[[ Data shown open ]]

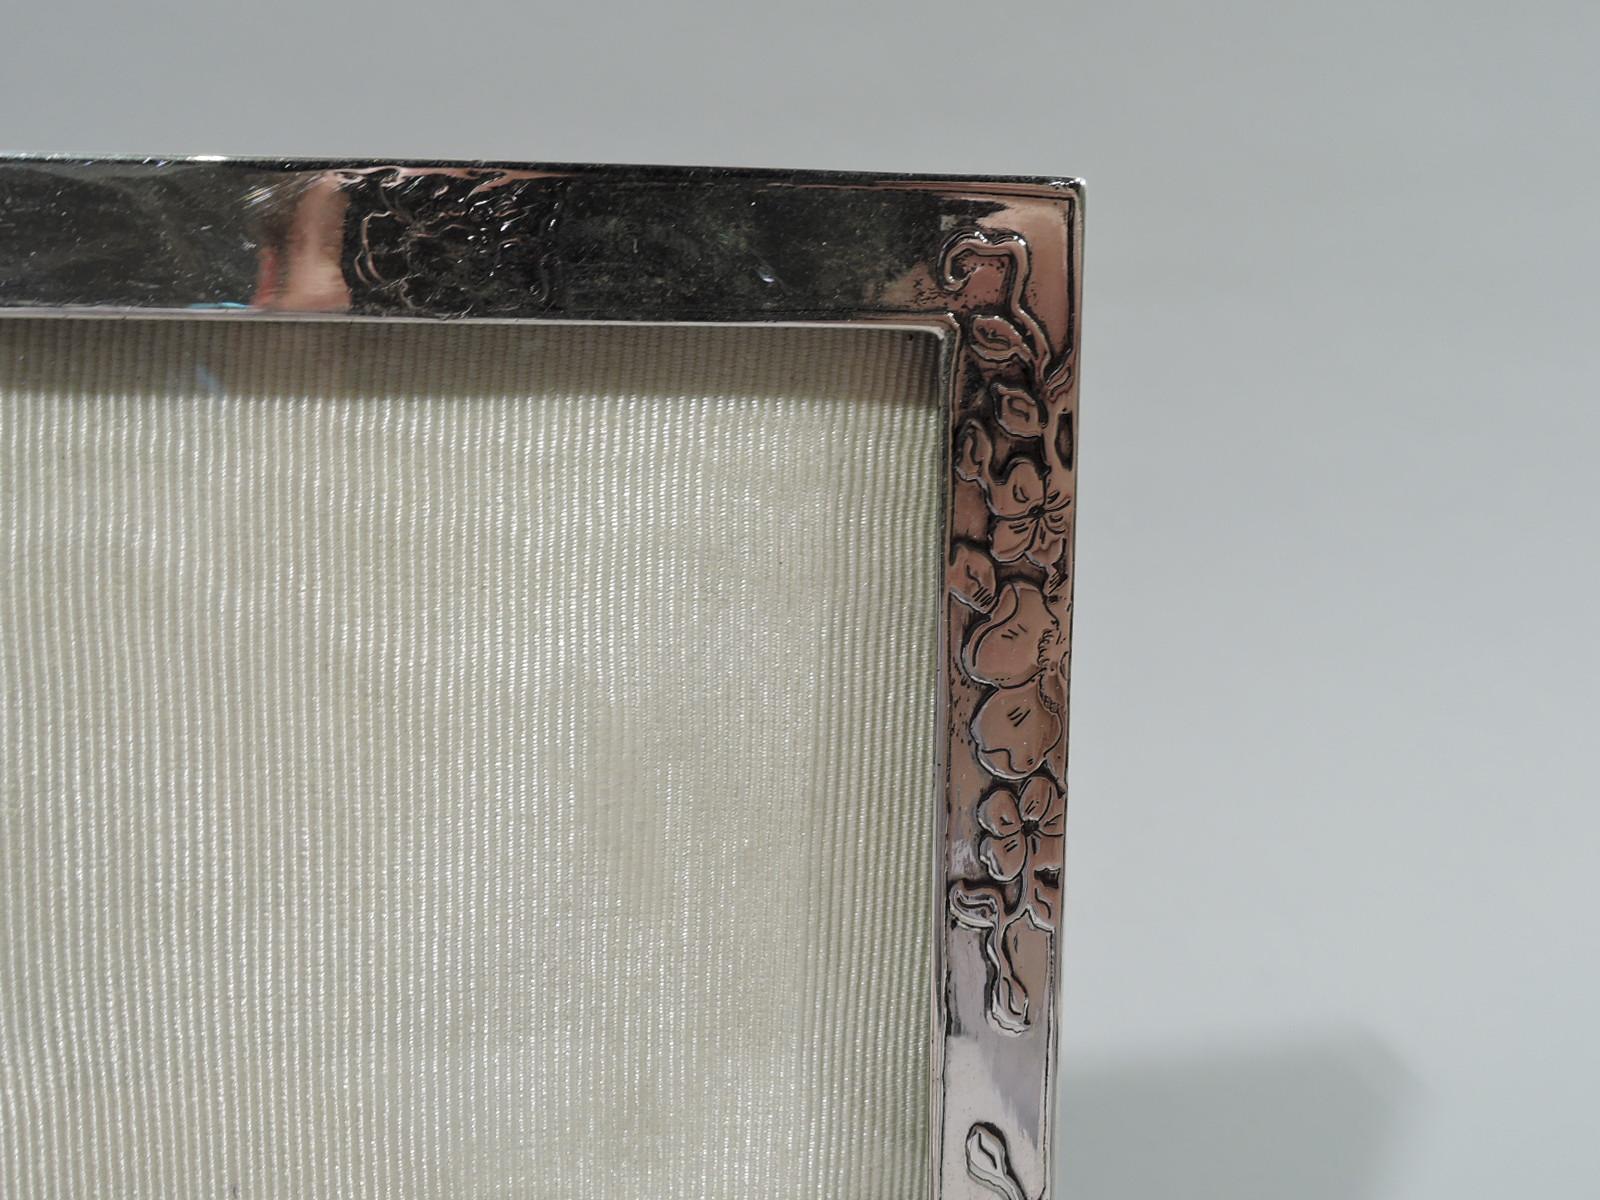 Edwardian Art Nouveau sterling silver picture frame. Made by Tiffany & Co in New York. Rectangular window in flat surround with acid-etched scattered blossoms and garlands on front and sides. At top central frame (vacant). With glass, silk lining,
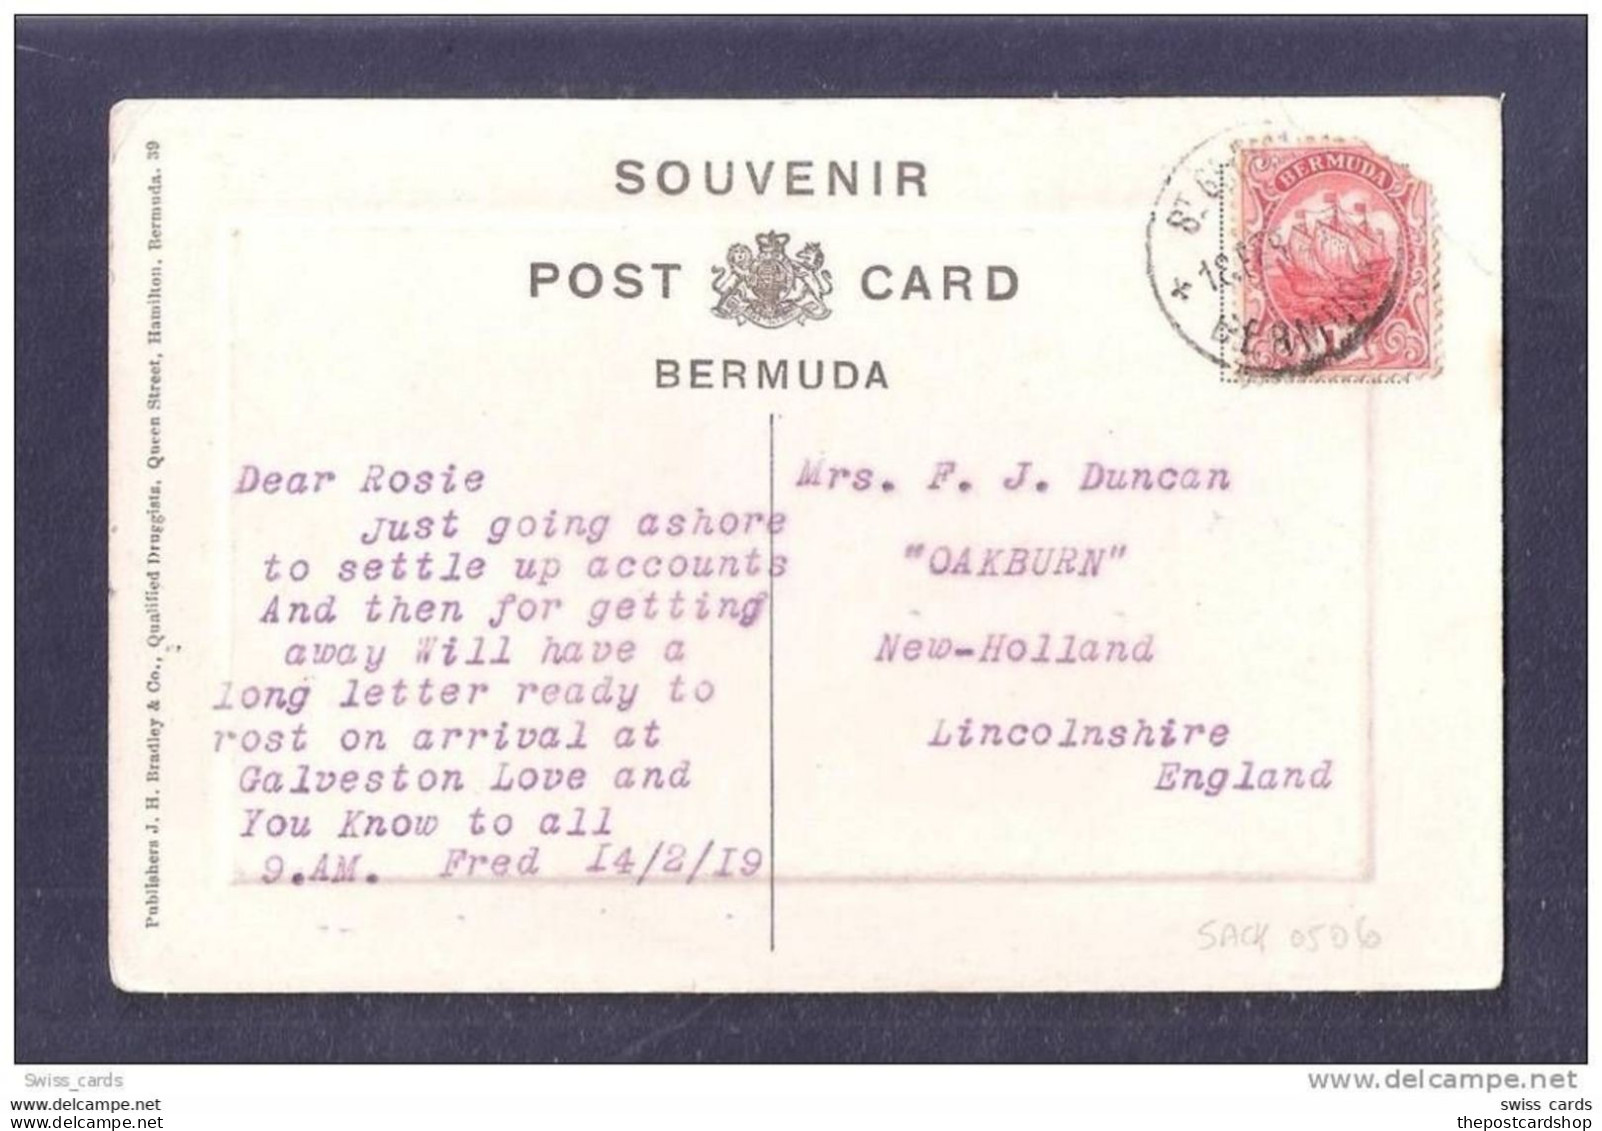 HARRINGTON SOUND Bermuda With A St Georges POSTMARK With Stamp Used 1919 INTERSTING TYPED MESSAGE - Bermuda
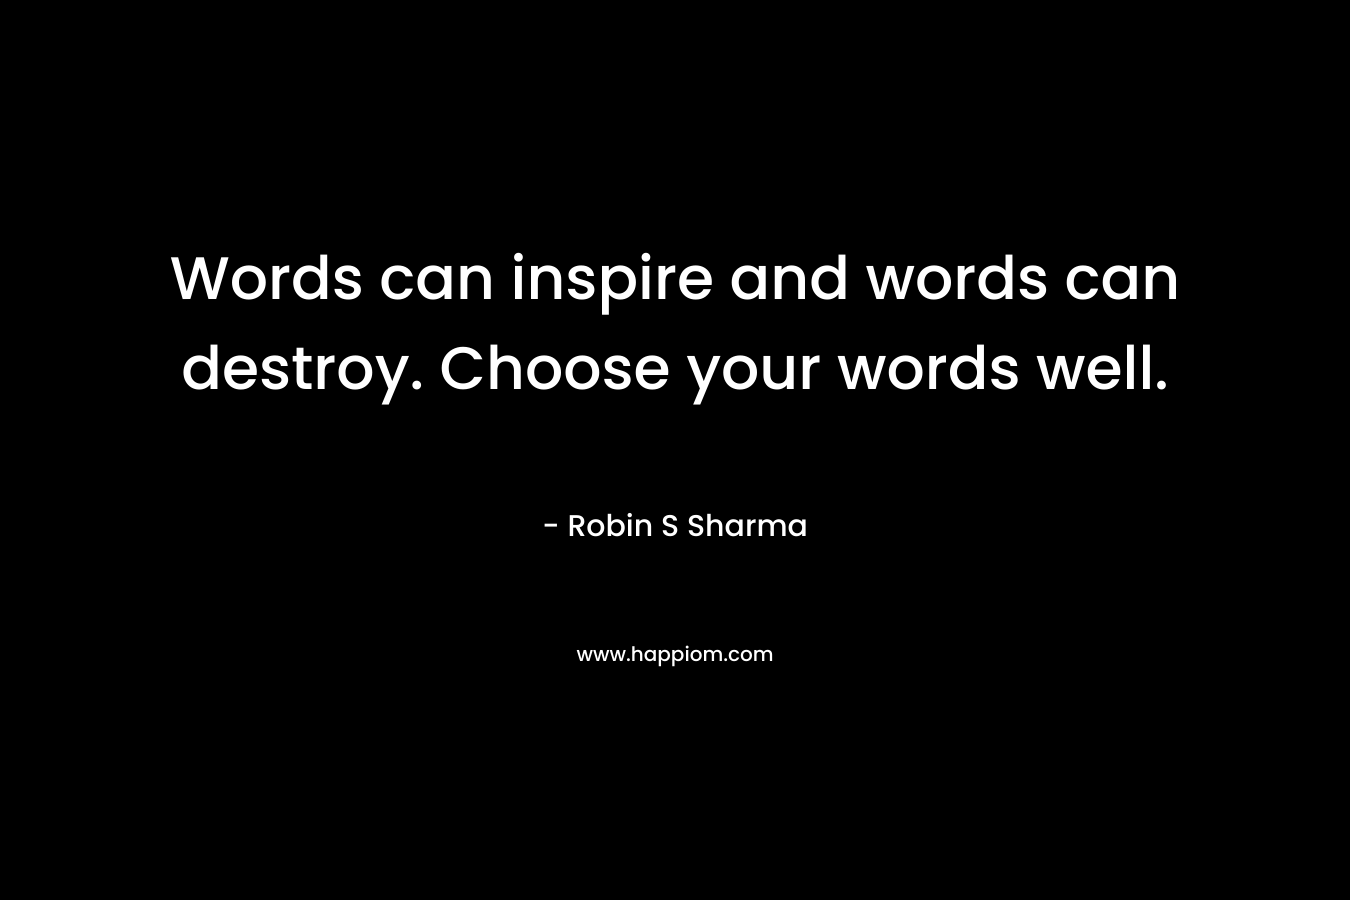 Words can inspire and words can destroy. Choose your words well.

[[ Data shown closed ]]

- Exercise goal: Give back the listing exactly, without a single picture.

- Response to this task:
 Edwardian Art Nouveau sterling silver picture frame. Made by Tiffany & Co in New York. Rectangular window in flat surround with acid-etched scattered blossoms and garlands on front and sides. At top central frame (vacant). With glass, silk lining,
 HARRINGTON SOUND Bermuda With A St Georges POSTMARK With Stamp Used 1919 INTERSTING TYPED MESSAGE - Bermuda
 Words can inspire and words can destroy. Choose your words well.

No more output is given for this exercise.